**DATASET SECTION**
=====
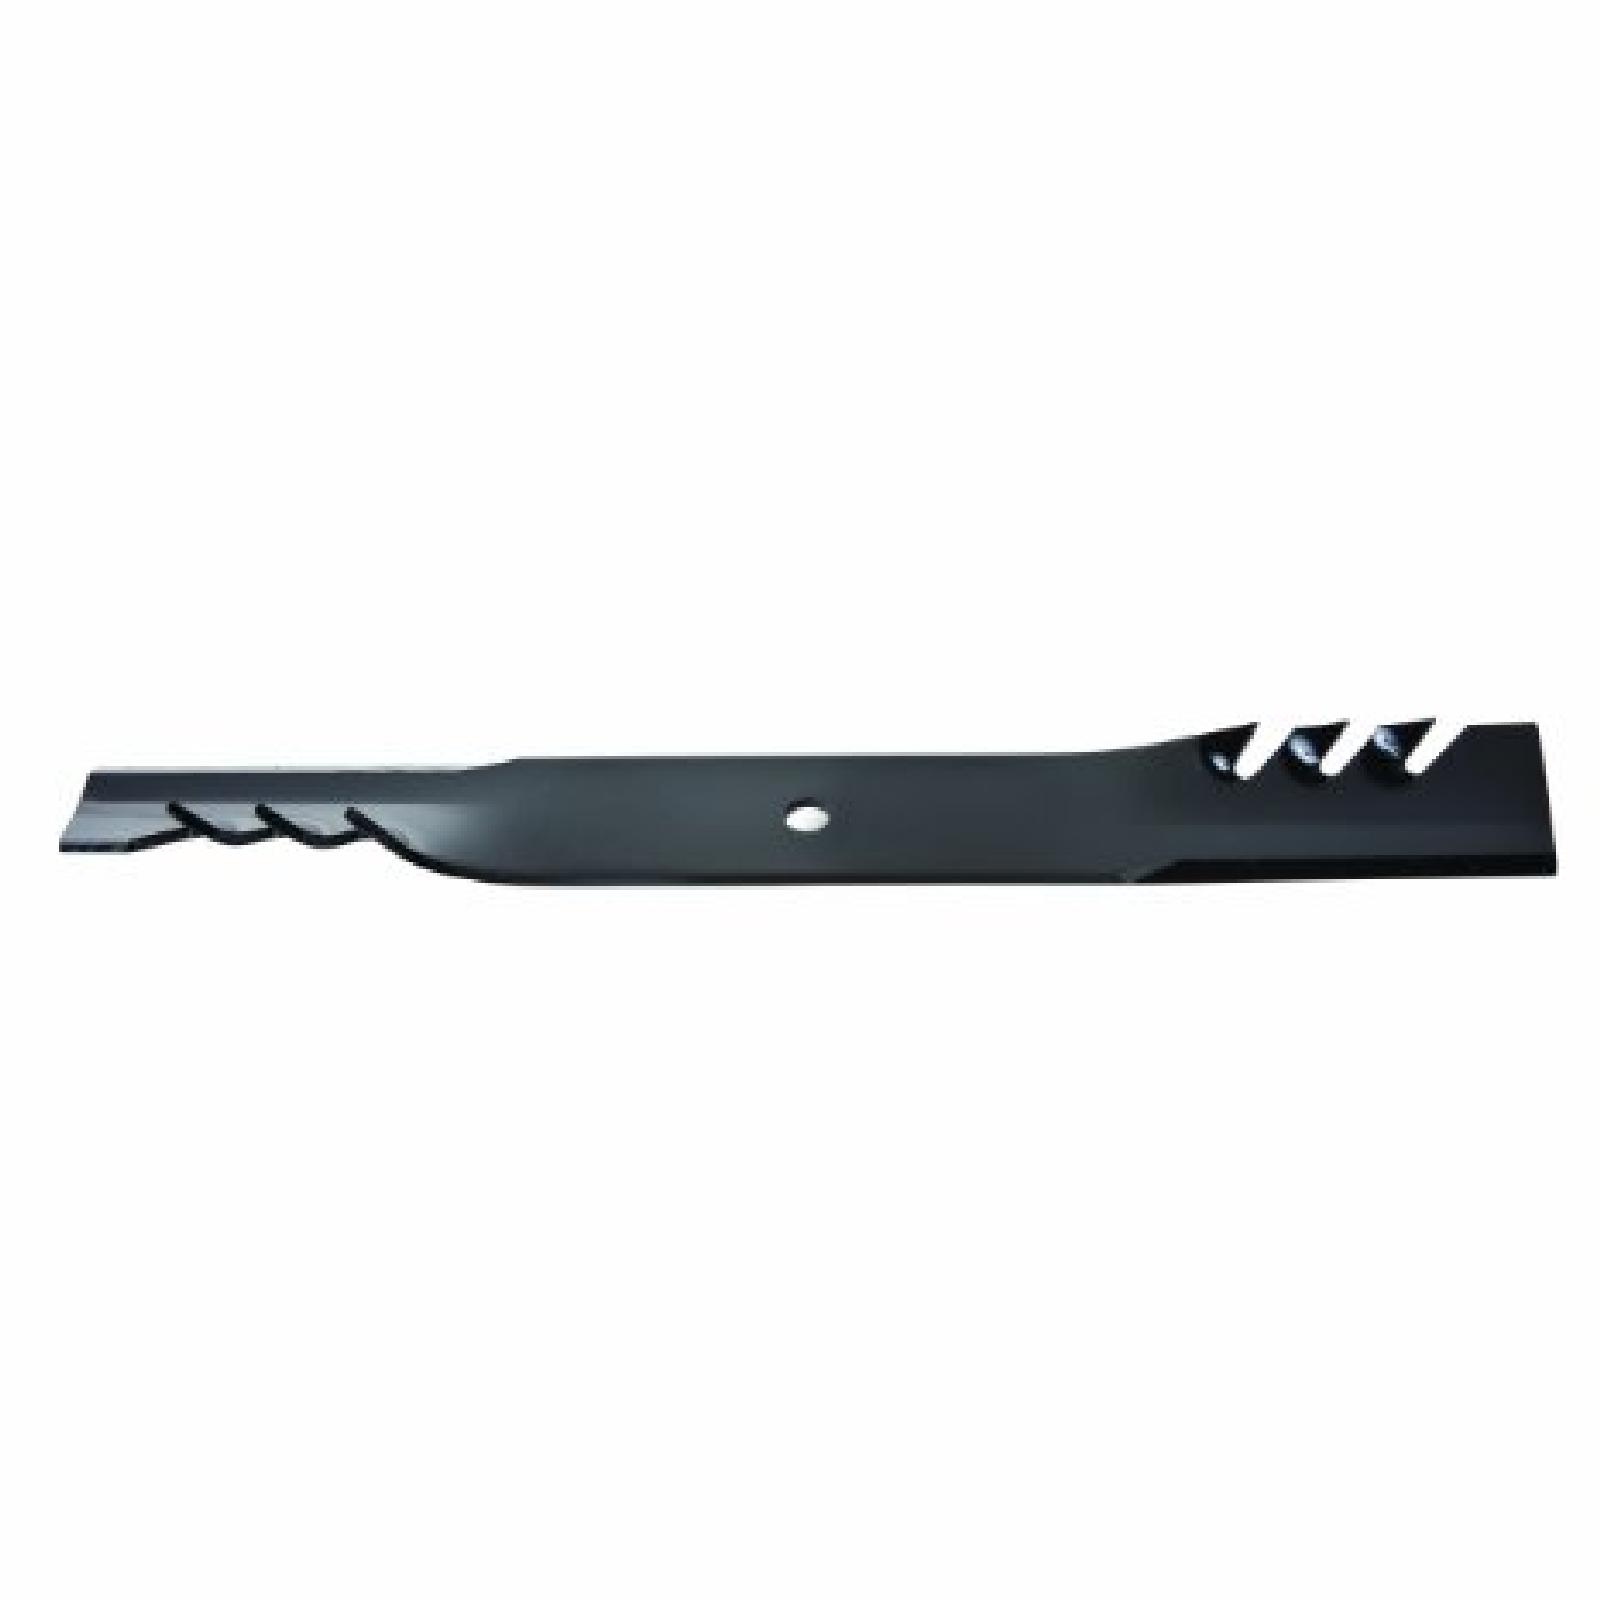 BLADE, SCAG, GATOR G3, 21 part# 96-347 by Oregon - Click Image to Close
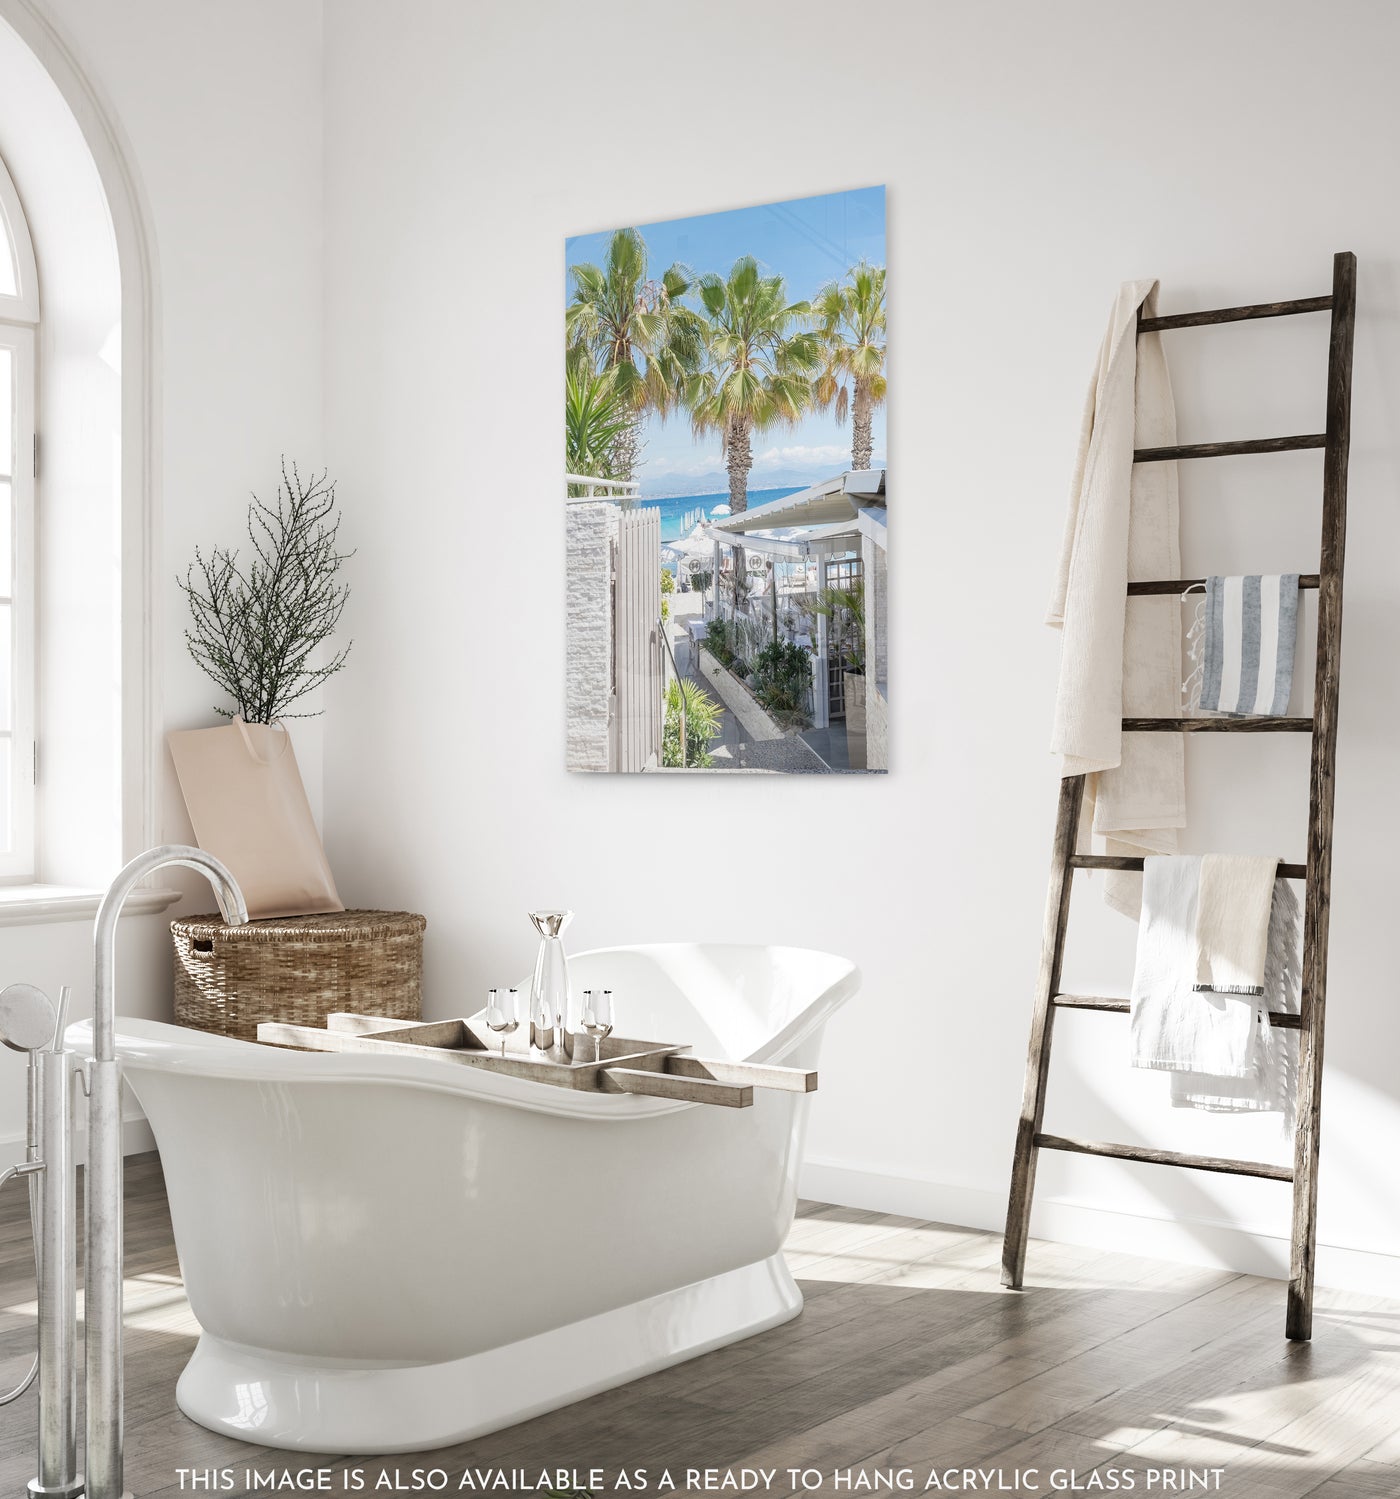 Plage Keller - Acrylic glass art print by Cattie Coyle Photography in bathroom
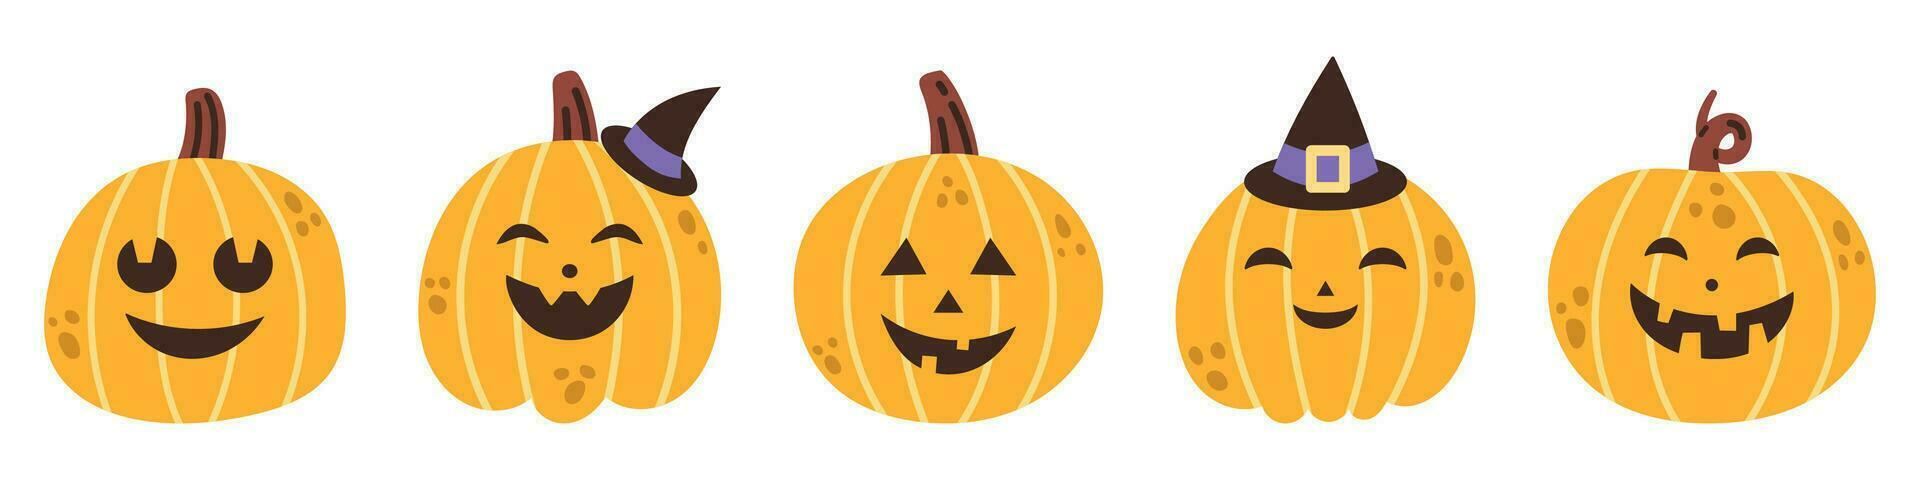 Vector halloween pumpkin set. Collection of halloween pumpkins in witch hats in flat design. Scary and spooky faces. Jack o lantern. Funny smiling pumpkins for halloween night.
=====
**WHAT TO WORK ON**
Your output should be the lines from the one with "Plage Keller - Acrylic" through the end of the listing, copied exactly and with the pictures left out.

**RESPONSE**
 Plage Keller - Acrylic glass art print by Cattie Coyle Photography in bathroom
 Vector halloween pumpkin set. Collection of halloween pumpkins in witch hats in flat design. Scary and spooky faces. Jack o lantern. Funny smiling pumpkins for halloween night.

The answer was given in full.